Classification et contexte militaire
Par la forme de sa monture, ce sabre se rapproche du Sabre d’artillerie à cheval modèle 1829, porté par les troupes d’artillerie montée de 1829 à 1852, ainsi que du Sabre des Officiers d’artillerie de marine. Cependant, la pièce présente est considérablement plus luxueuse que tout modèle réglementaire. Le modèle 1829 fut adopté en octobre 1829 pour les troupes d’artillerie montée. Les versions d’officiers n’étaient pas des armes réglementaires mais des achats privés commandés à titre personnel. Environ 75 000 sabres de troupe du modèle 1829 furent produits à la manufacture de Châtellerault — mais cette pièce unique se distingue entièrement de cette production standard.
Après la fin de la Deuxième République, les officiers revinrent au sabre de cavalerie modèle 1822 à partir de 1856, tandis que le modèle de troupe fut abandonné après la guerre franco-prussienne (1870–1871).
Un témoignage unique du patrimoine républicain
Ce sabre est classé comme pièce unique (Unikat) — une arme de luxe acquise à titre privé et fabriquée sur mesure. Sa qualité d’exécution exceptionnelle, alliant dorure, ciselure, gravure à l’eau-forte et matériaux nobles, indique que son propriétaire d’origine était un officier de haut rang ou un dignitaire de la Deuxième République. La longueur totale de 103,5 cm et la richesse décorative — de la racine de lame aux garnitures du fourreau — confirment le caractère cérémoniel plutôt que strictement fonctionnel de cette arme.

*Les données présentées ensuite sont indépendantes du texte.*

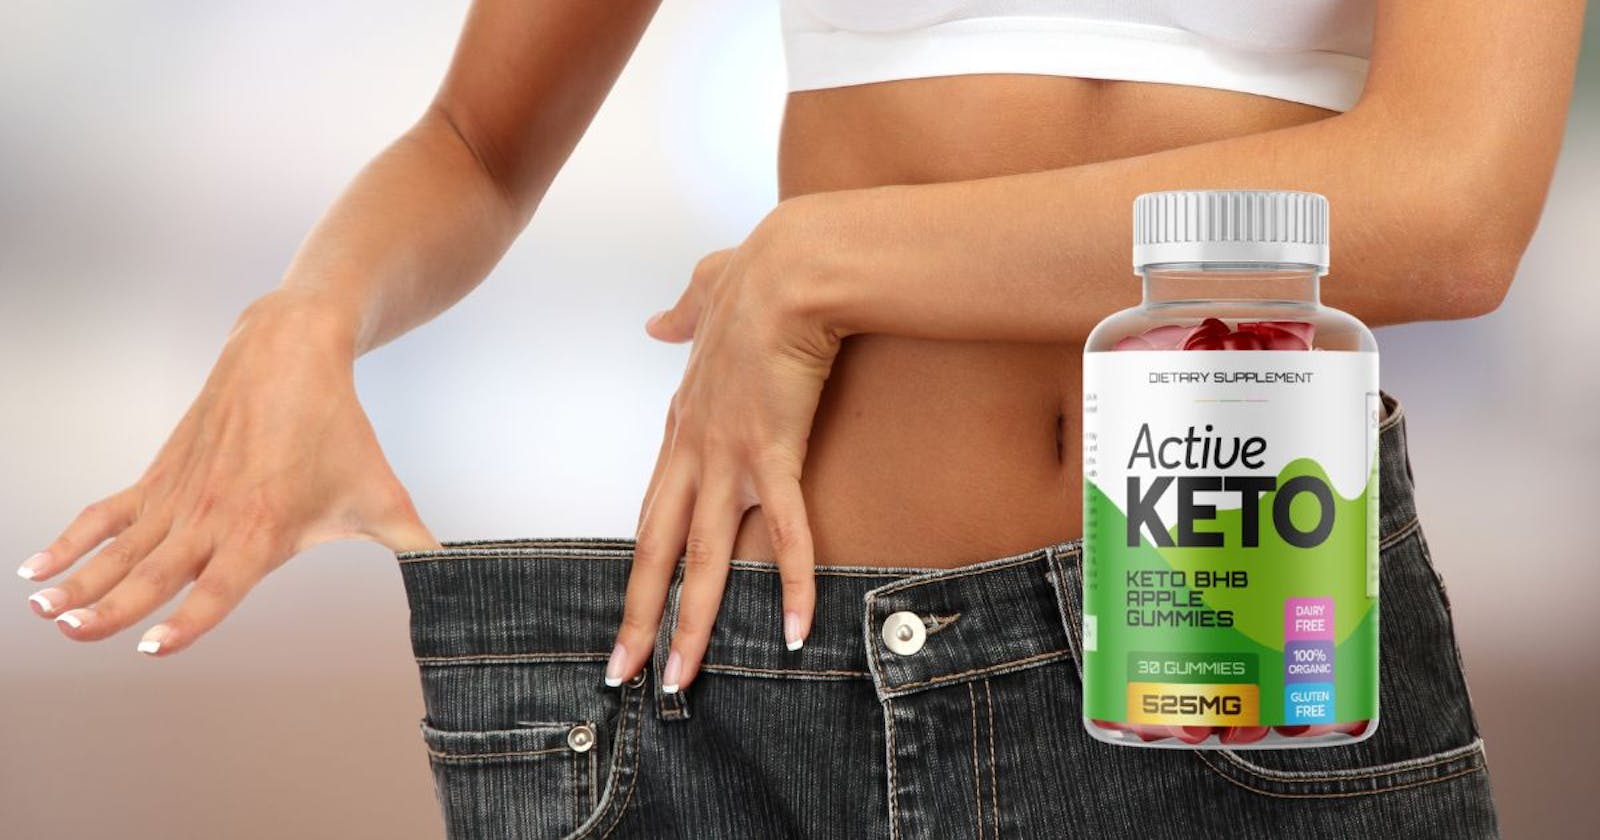 Discover the Benefits of Active Keto Gummies at Holland and Barrett IE!

Pour les collectionneurs d’armes blanches militaires françaises, ce sabre représente une convergence de raretés exceptionnelles : une lame de Solingen datant de la toute première année de production d’armes blanches de P.D. Lüneschloss, un symbolisme républicain des faisceaux datable à une fenêtre de seulement quatre ans, et un niveau de luxe artisanal qui l’élève bien au-dessus des armes réglementaires. C’est un artefact tangible de l’éphémère Deuxième République française, dont les symboles, incarnés dans le métal et l’or, survivent dans cette arme remarquable.